● Material provided:
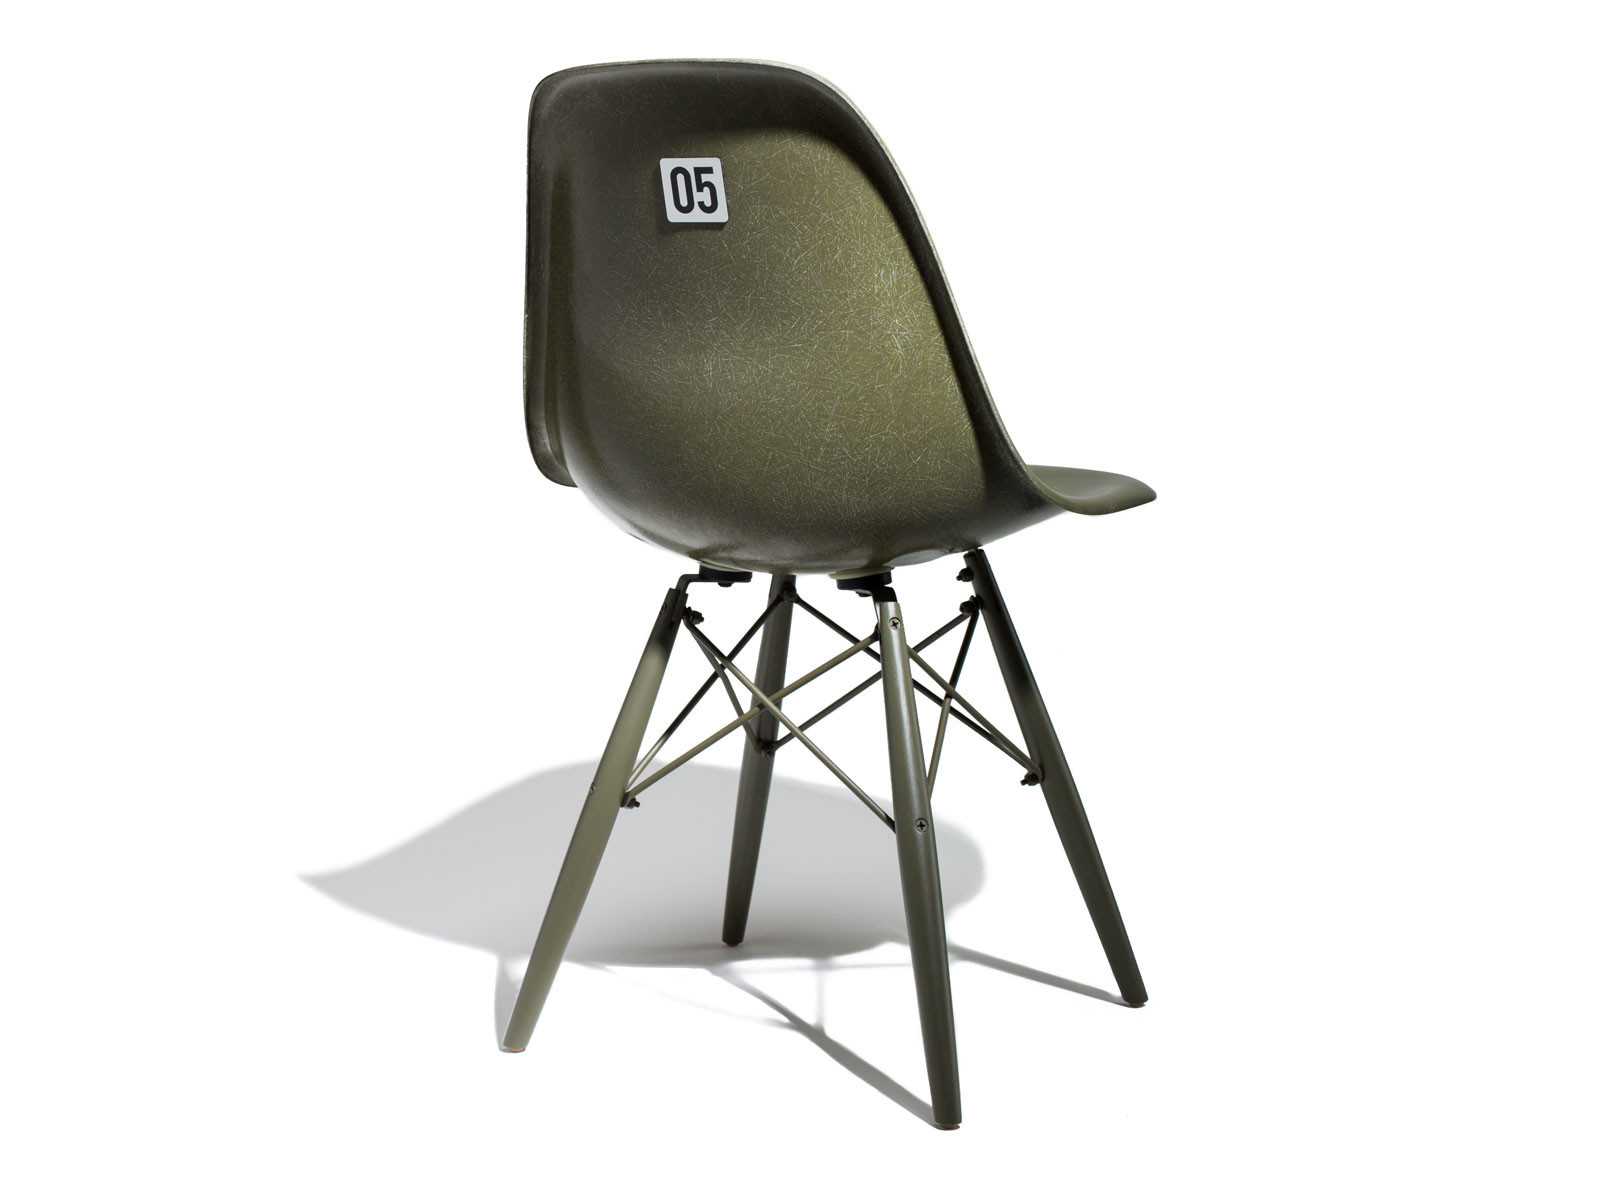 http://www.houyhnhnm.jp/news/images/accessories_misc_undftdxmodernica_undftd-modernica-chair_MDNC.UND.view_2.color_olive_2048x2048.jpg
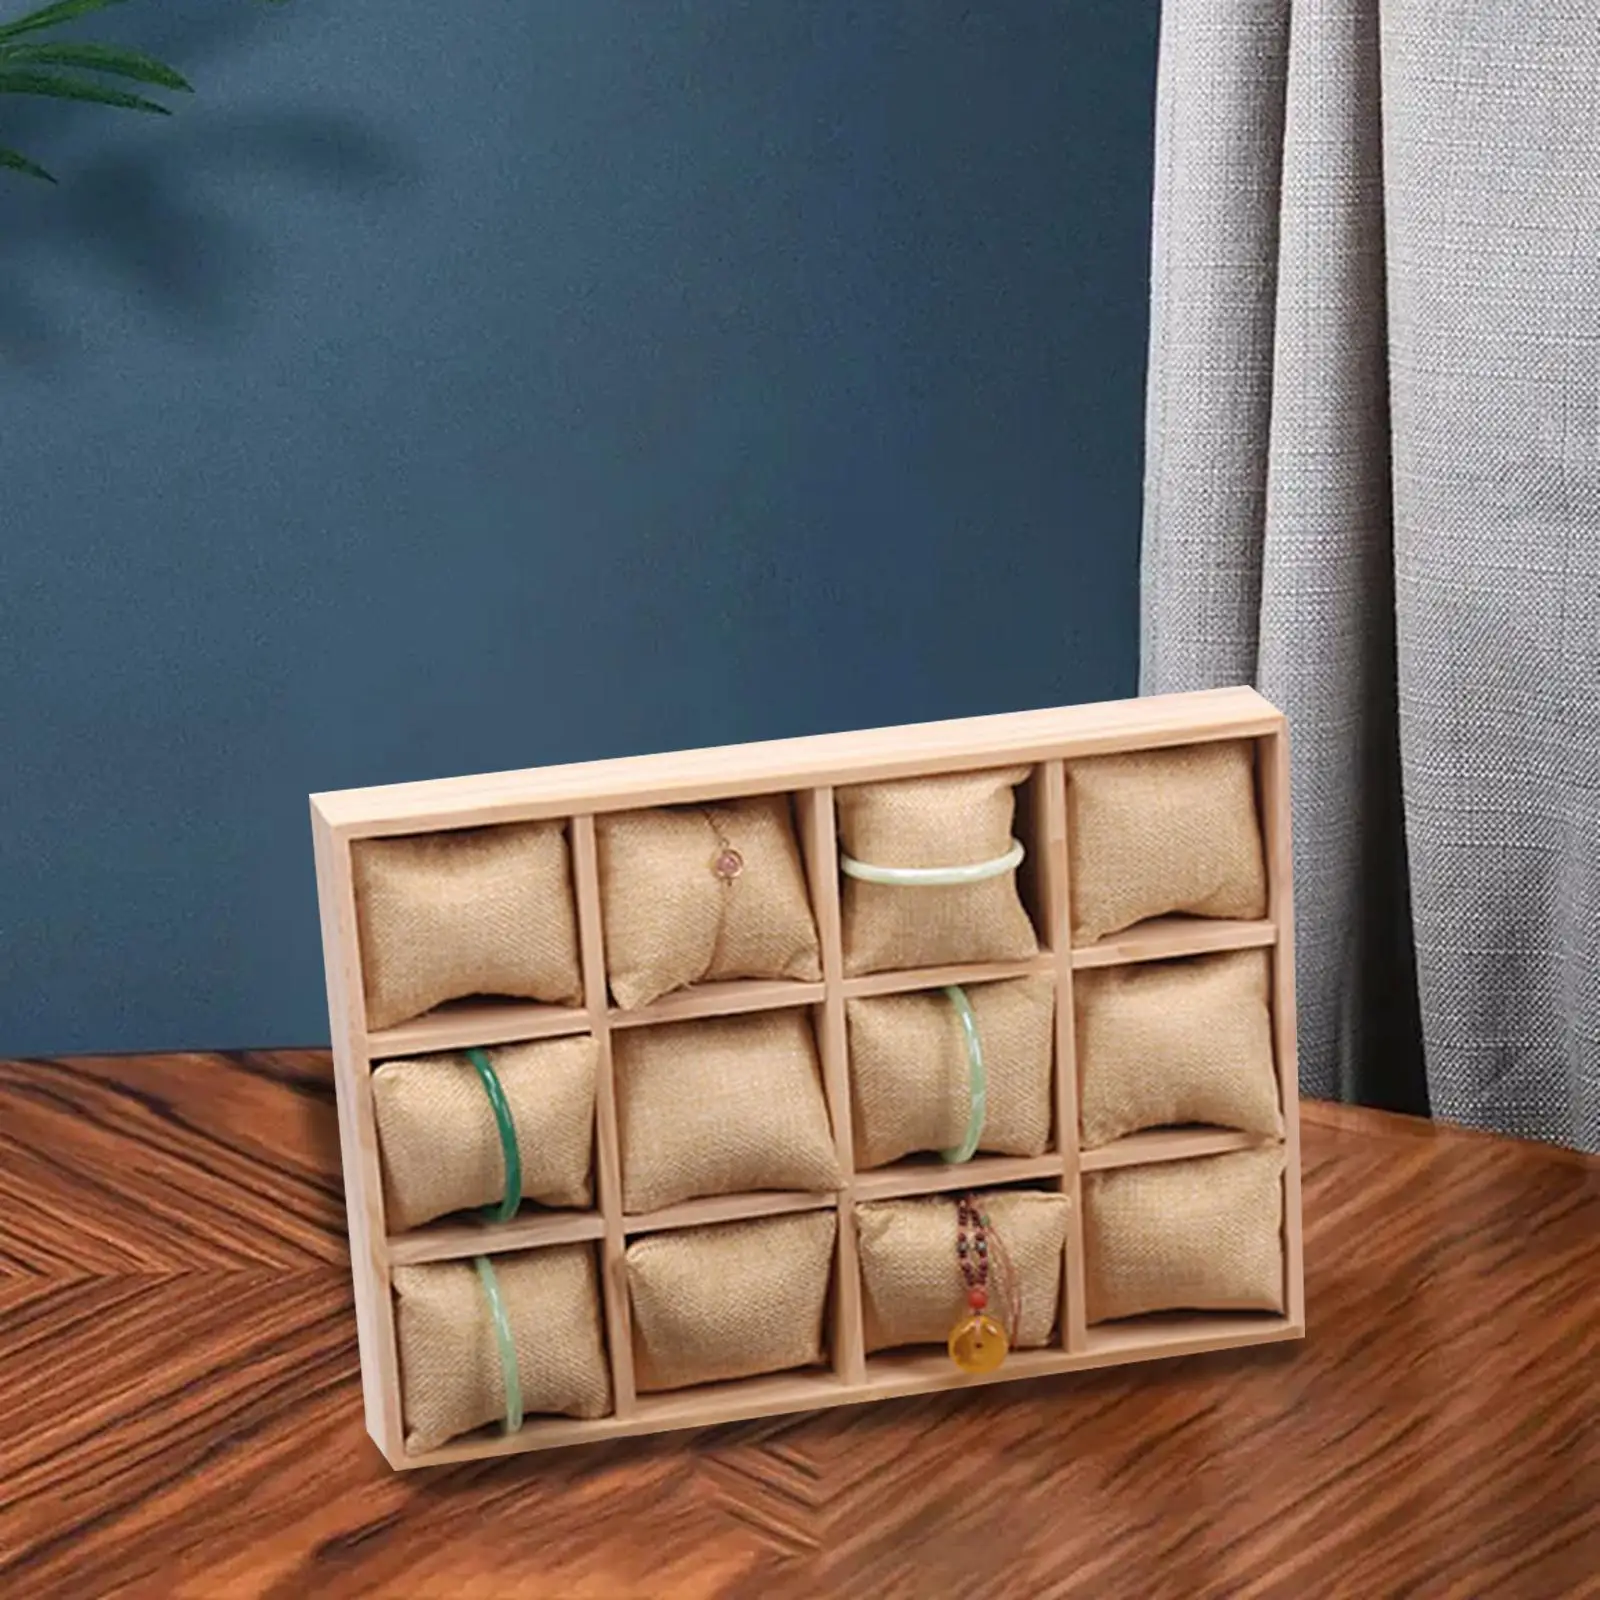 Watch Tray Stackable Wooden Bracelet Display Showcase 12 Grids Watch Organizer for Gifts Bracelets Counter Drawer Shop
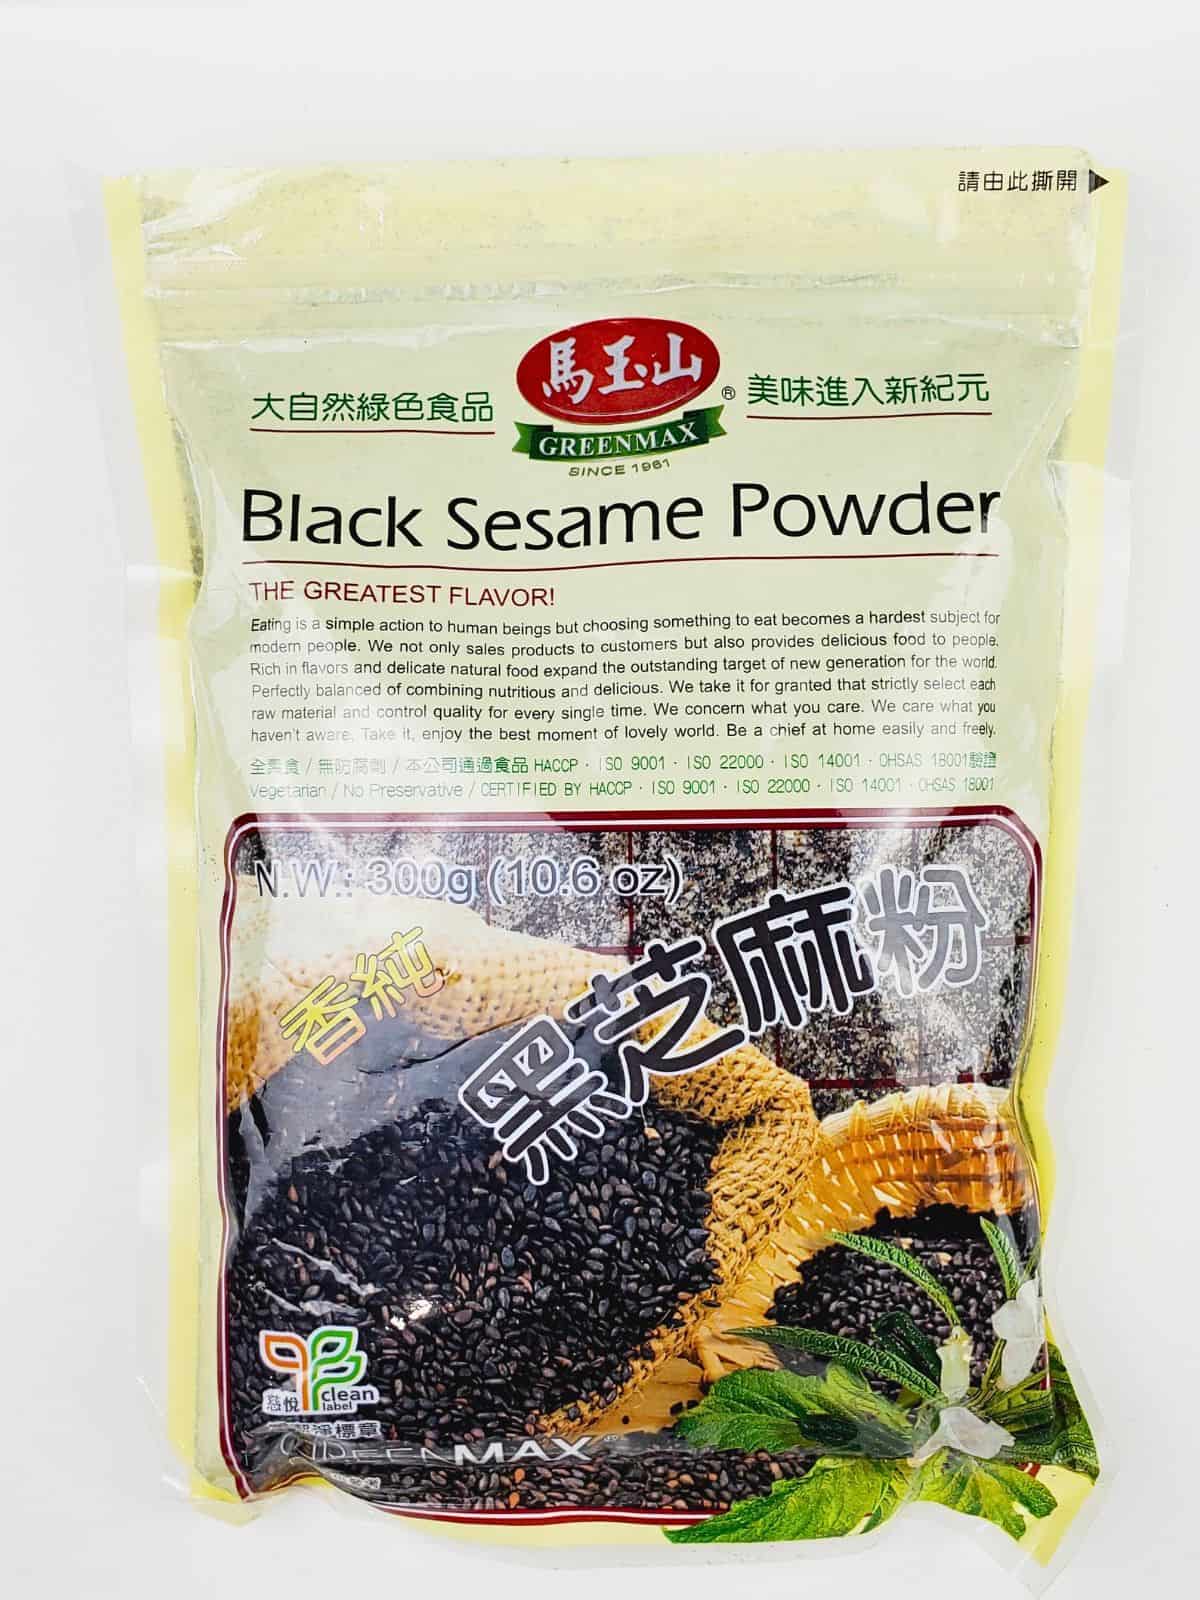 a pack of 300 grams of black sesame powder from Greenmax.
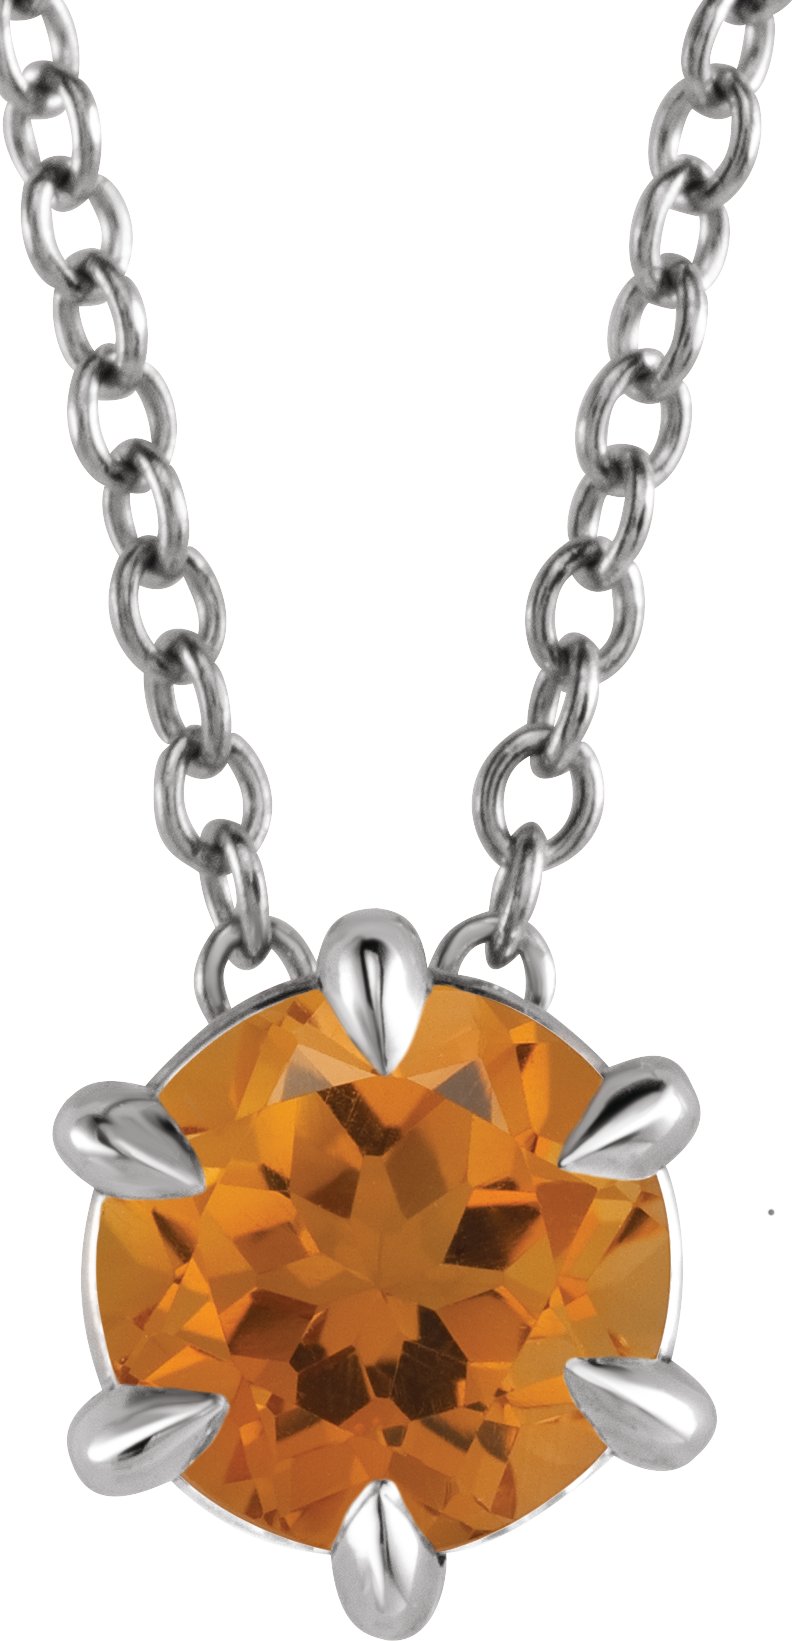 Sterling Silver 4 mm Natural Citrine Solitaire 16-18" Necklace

● Exercise requirements:
Your output should consist solely of the lines from the line containing "a pack of 300" through the end of the data above, copied exactly, with images removed.

● Written solution:
 a pack of 300 grams of black sesame powder from Greenmax.
 Sterling Silver 4 mm Natural Citrine Solitaire 16-18" Necklace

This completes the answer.